Севастопология (Хофман) - страница 19

«Англичанин улыбнулся и задумался, и потом тихо молвит, что у них будто в Англии всякая картинка из рода в род сохраняется и тем сама явствует, кто от какого родословия происходит.

– Ну, а у нас, – говорю, – верно, другое образование, и с предковскими преданиями связь рассыпана, дабы всё казалось обновлённее, как будто и весь род русский только вчера наседка под крапивой вывела».

Кстати, коль уж я упомянул Лескова, рекомендую Вам прочесть его рассказ Железная воля о различии между русским и немецким национальным характером.

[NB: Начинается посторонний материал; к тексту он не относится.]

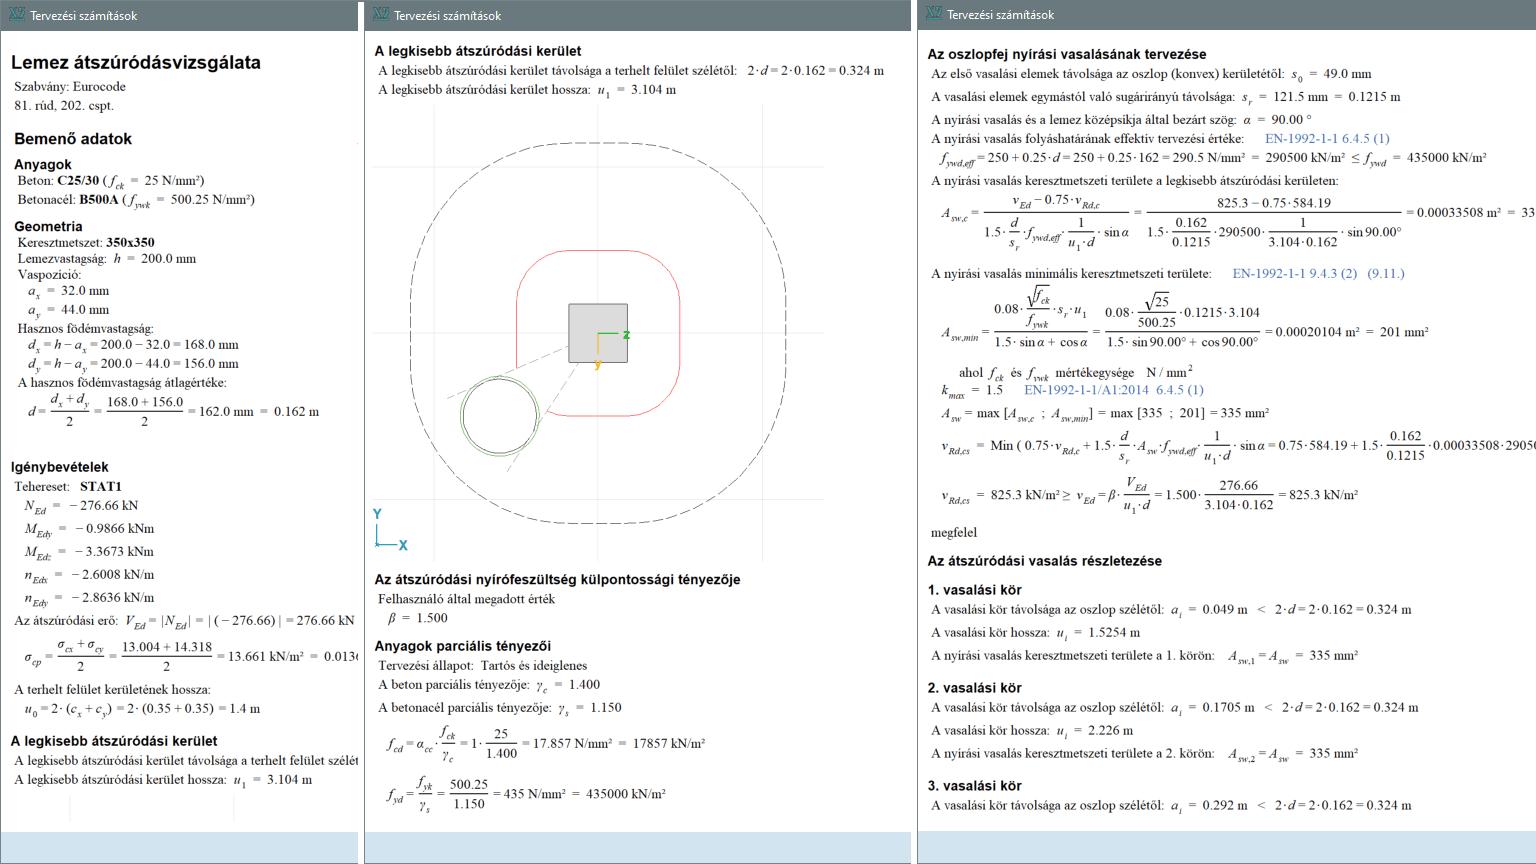 RC3 - részletes dokumentáció

Я уверен, Вам понравится».

Опрятная адресаточка отвечает дневниковой записью из ранних произведений забытой поэтессы из Райникендорфа незадолго до смены тысячелетий. Этот актуальный пример иллюстрирует национальный характер, который не спутаешь ни с чем, так он трещит и скрежещет:

Новый год
Мне снился в эту ночь
большой салют
в маленьком Севастополе.
Неброские в старой одёжке,
люди стояли на козырьке,
благоговейно глядя с горы
туда, где базар
и где меня нашли в капусте.
Яркие звёзды быстро
взлетали, медленно падали вниз
за знакомые здания.
Свеже лучились фигуры,
улыбчиво и живо,
ромбы и овалы.
Девочка с косичкой в белом фартуке,
школьный подворотничок мальчишек —
всё это стало тесным.
Едва родившись, уже выросли.
Ароматы имён как пряности.
Вещи имели свой масштаб.
Небесный фон —
занавес из тёмного бушлата —
я молча прорывала раной губ.
С дедушкой семечки лузгать
в звуках солнечного кларнета
на площади прогулок,
на праздничной лестнице в тенистом уголке.
Навеки пышет панорама:
Нахимов, мужество матросов и что-то там ещё.
Над головой простёртый кров.
Фланель розовой пижамы.

Буревестник

Оползень земли, холощёные слова, утрата места. Словно проливной дождь, научная речь разрывает землю, питает знание и даёт ему смыться, впрессовывает физически вспомненное в грунт, грязевая масса засыхает, и широкое славянское лицо – год за годом, нападение за обороной – сужается на германский манер, пока не перестанут спрашивать, откуда оно, чьё оно и весь этот Кр-крам, на что и сами спрашивающие, вероятно, ничего не ответили бы без комплекса тем, спроси у них то же самое об их при – или переезде, переодетости и перенасыщенности, восточности, западности или выбранденбуржуазности.

Я могла бы сказать, моё детство было хорошим. Моя Аркадия – мой Аркадий, которому я тайно поклялась в вечной любви. Или ещё что-нибудь романтическое. Из этой же серии. Вовсе не кажется извращённой одержимость местом, как и способность – здесь или там – любить. В тот момент, когда здесь, на лучистом лугу у озера приличного города это ощущается как пошлость, отчуждаешься от выразительности. Пафос – как витамин с минным дном, как сформулированная толкотня текста, формула, задающая форму, освежающий атрибут и как критический штамп – захватывает, не сближая, создаёт дистанцию, о которой читаешь, что она успокоительна – и так далее, дальше, дальше… Сопротивляйтесь, чтобы не пойматься на это. Такое ласковое лассо.